Dr Alpa Savla is the winner at 2nd position, the critics award of excellence for DR Pronto Esthetic Challenge 1, 2021-2022

Introduction

Development of different restorative materials presents the modern dentist with several choices when deciding how to best restore cervical cavities on the teeth.

Commonly known as Class V cavities (GV Black), materials considered appropriate for Class V restorations are:

Many Class V restorations are non carious lesions and present with little or no retention form. In such situations, the potential for material to bond to the tooth is most important as it may avoid the need to prepare sound tissue to achieve retention.

When cervical outline of the cavity is placed in dentin, it is difficult to obtain a proper and lasting marginal seal of the restoration (Phair and Fuller, 1985; Pintado and Douglas, 1988; Tortenson and Brannstorm, 1985). The main cause is polymerization shrinkage, which is directed incisally toward the reliable and strongly bonded enamel-composite interface (Davidson et al., 1984; Crim, 1987, Davidson and Kemp-Scholte, 1989).

A possible solution to this problem may be the application of material that renders the restoration sufficiently flexible to compensate for that part of shrinkage that challenges the bond.

Challenges in restoring Class V defects

  • Class V cavities are multi-factorial in origin
  • Polymerization shrinkage/C-factor stress resulting in failure
  • Sealed gaps under the restoration
  • Stress due to biting pressure causing the restoration to fail
  • Cervical outline of the cavity in the dentin resulting in incomplete marginal seal.

Case Report

A 65 year old male patient presented with deep Class V lesions in tooth no 34 & 35.

Cavity preparation

  • 0 no. retraction cord was placed to expose the cervical margin of the cavity.
  • Cavity was prepared by bevelling the margins and air abrasion.
  • Selective etching of enamel was carried out, followed by bonding (3M Adper Single Bond 2) was used.

Incremental layering

  • The first increment of the composite (Activa Pronto, Pulpdent® USA) was placed (less than 2 mm) from coronal to cervical and polymerised.
  • Second increment was placed cervical to the first increment and adapted slightly closer to the cervical margin.
  • The final increment was placed in the cervical region.

Finishing and polishing

  • Contouring was achieved using burs (SS White finishing burs).
  • Restoration was polished (Shofu Super Snap discs).

Discussion

Layering/incremental built up with bioactive filling materials such as Activa Pronto (rubberised resin) in Class V cavities very close to the pulp allows for fewer stresses to develop within the restoration, lesser shrinkage and long term marginal seal.
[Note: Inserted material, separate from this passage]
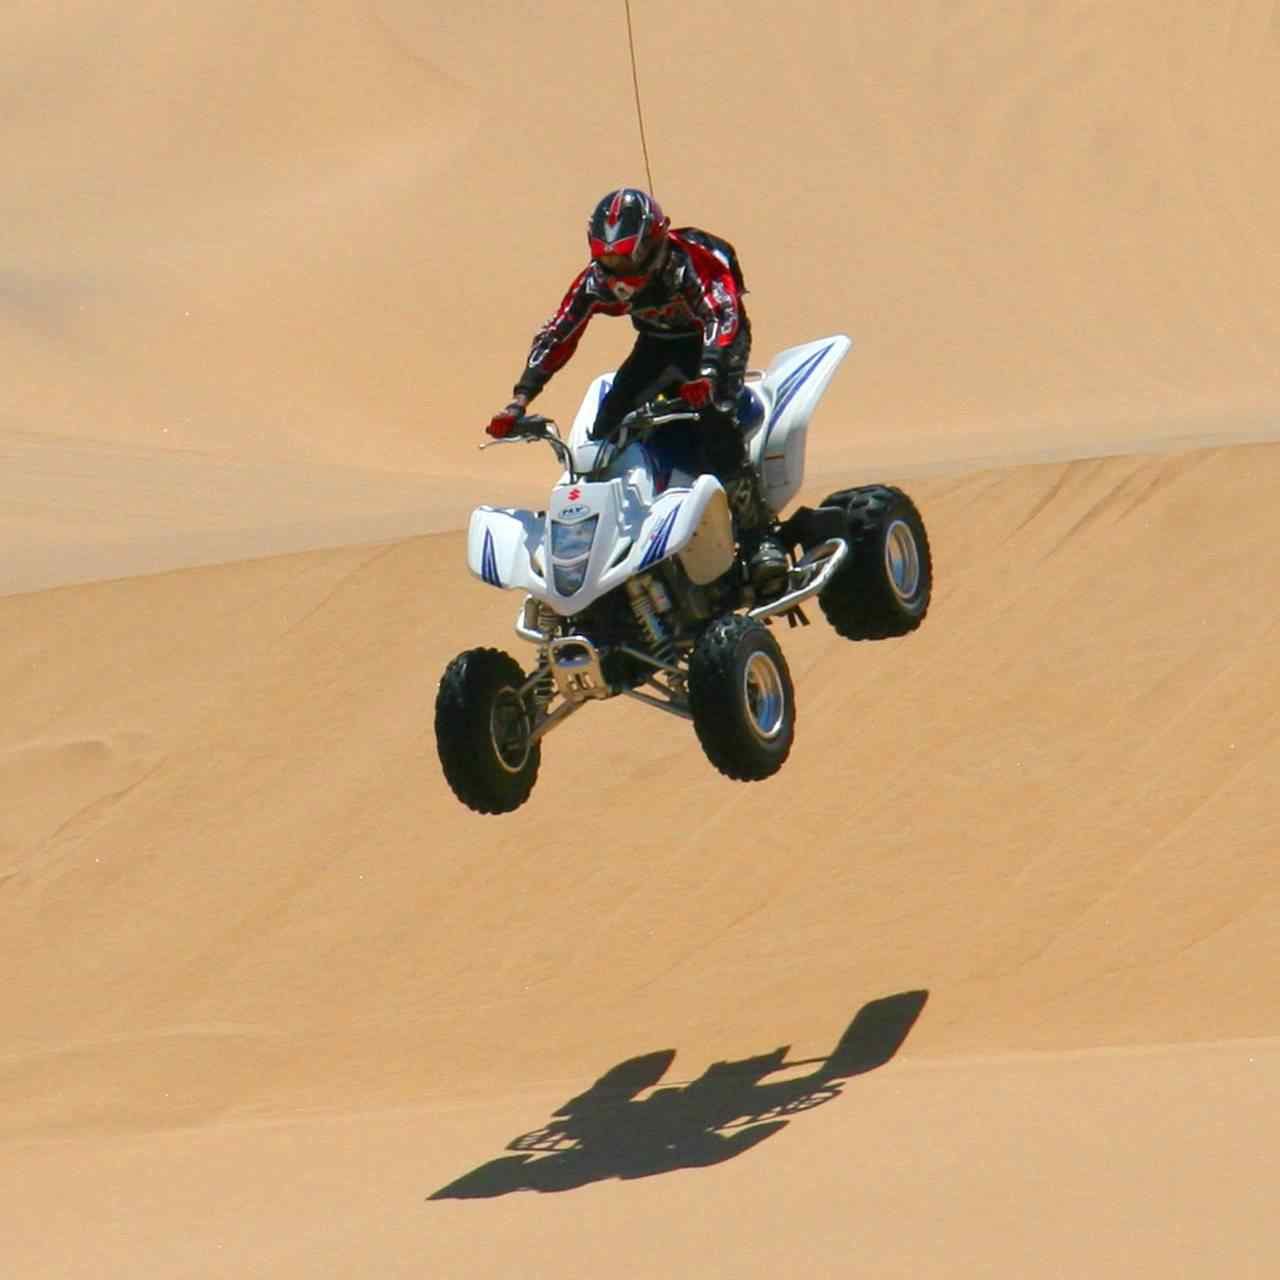 Thrilling Dune Bashing In The Desert Of Dubai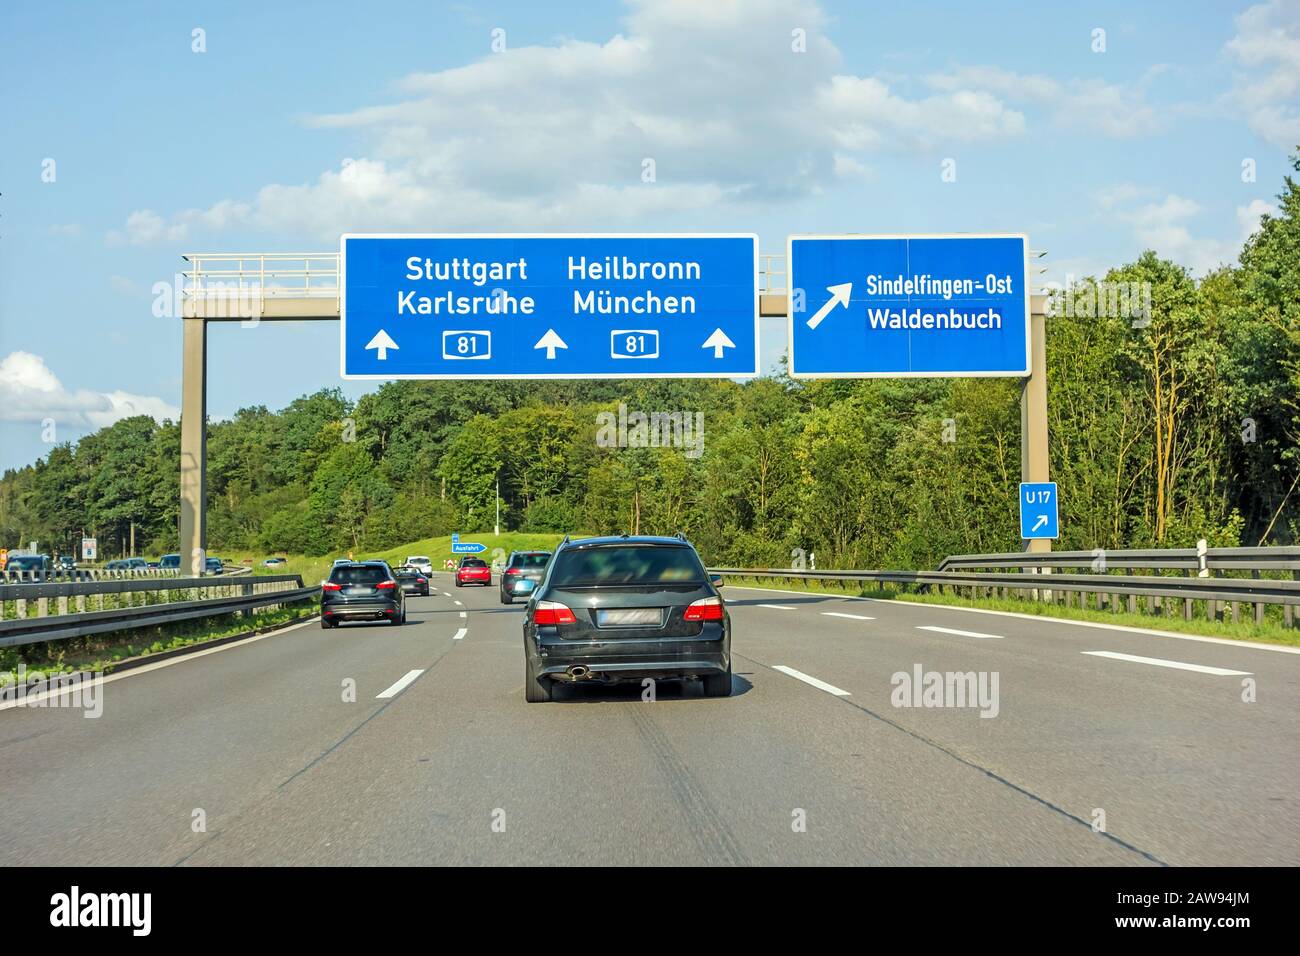 Autostrada segnaletica stradale (Autobahn 81 / A 81 / e 531) raccordo autostradale Stoccarda / Karlsruhe - Heilbronn / Monaco (Munchen) - uscita Sindelfingen / Wald Foto Stock

Restoring the dentin with thin horizontal layers that are 2 mm or less ensures that decoupling with time is properly achieved thereby reducing C factor stresses.

Using a hydrophillic resin like Activa Pronto in subgingival restorations facillitates ionic interaction that binds resin to the minerals in the tooth, forming a strong resin-hydroxyappatite complex and a positive seal against microleakage.

Summary

There is much debate and interest among clinicians as to which is the ‘best’ restorative material for different situations. Occlusal factors are considered to be important in the etiology of Class V cavities.

The use of rubberised resin (Activa Pronto, Pulpdent® USA) which can absorb stress and resist fracture can help the clinician in making highly durable and very esthetic Class V restorations.